Metals and minerals would of course be an issue. But park a single small asteroid in orbit, and you're good to go. And metals and minerals, unlike air and water, do not evaporate, and can thus be reasonably effectively locked into a use cycle.
Colonizing Venus and colonizing Mars are not either/or operations. Do both.
Another note: while the day/night cycle on Venus is thousands of hours long, that only applies to the *ground.* Up in the sky, the winds will carry you along much, much faster. Exactly speed and day/night period depend on altitude and latitude, of course.
if the atmosphere bleeds off to space faster that it can be made where does that leave the people who went there?
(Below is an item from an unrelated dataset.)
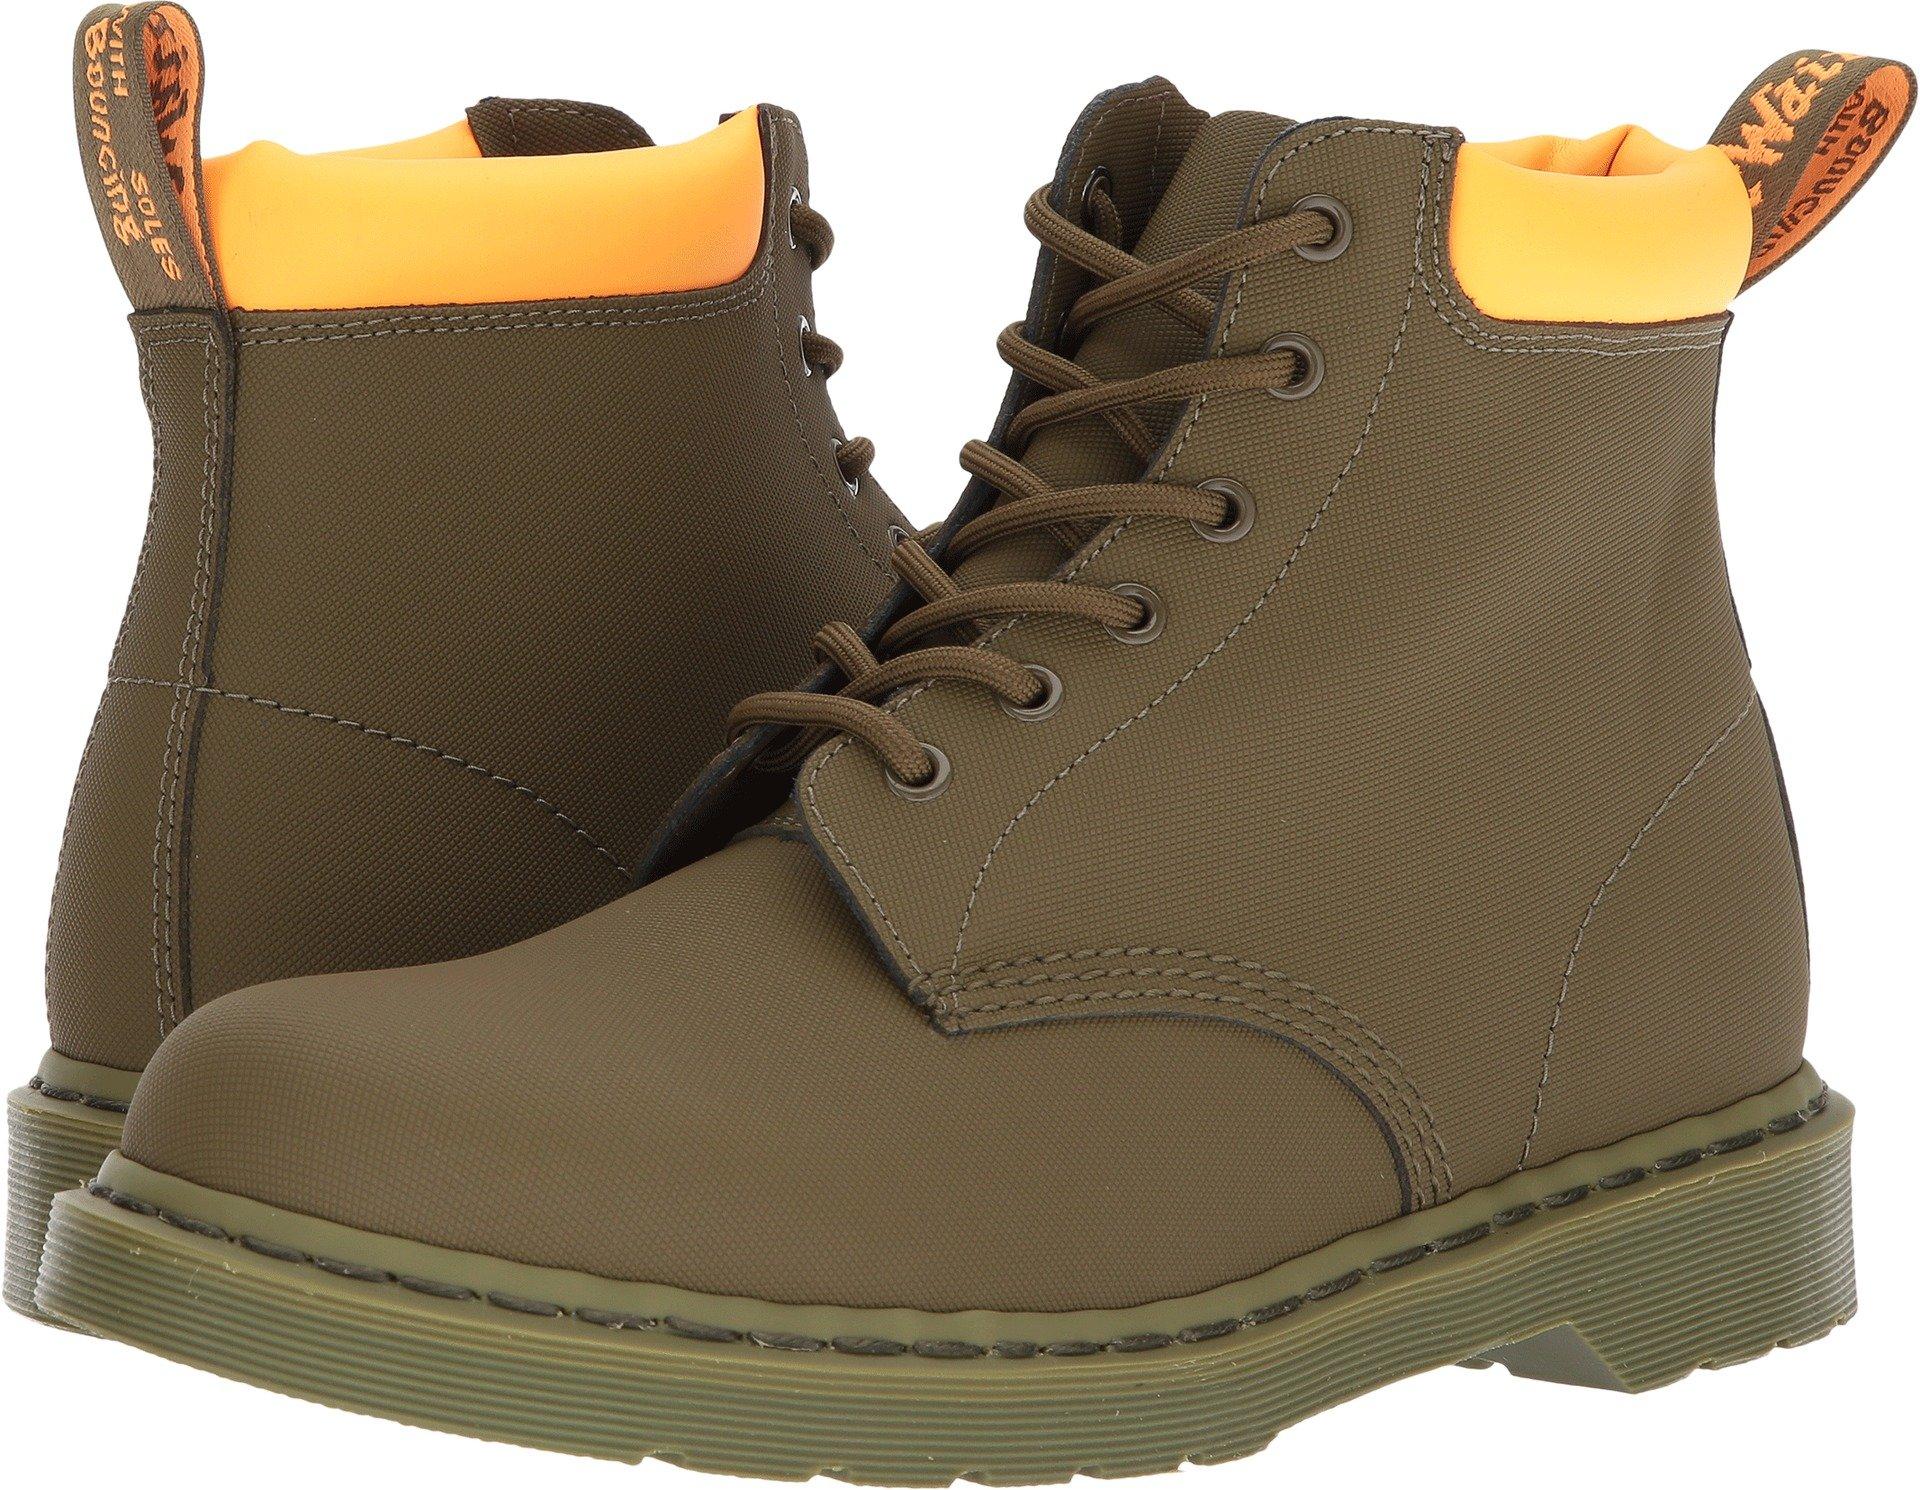 Dr. Martens Men's 939 6-Eye Padded Collar Boots, Olive, Leather, 9 M UK, 10 M US

but this is all talk about terraforming a planet in this solar system. I agree that it may be attempted as an expirement to study effects. But to seriously propose that it is possible to, more or less, make a breathable atmosphere on a world with a mass like that of Mars is pretty far-fetched!
Most models show that the atmosphere would bleed off over hundreds of millions of years.
Interesting concept for Venus. Tho' I'm not sure I'd want to focus my efforts on a place where man would always have to live in an artificial environment.
Not that I'm doing anything about it to begin with...
I read a really far-fetched idea last year:
Move Venus into the spot exactly opposite the sun from the Earth, so that it is never visible (always on the other side of the sun). This creates a climatic advantage as it is the exact same distance from the sun as the Earth.
Then-crash Mars into it. Most of Mars' minerals and water will evaporate into Venus, and the core will spit back out into orbit creating a moon.
The impact will increase Venus' rotational speed.
Oh, It's probably worth reading. Just don't expect it to be as good as the first two.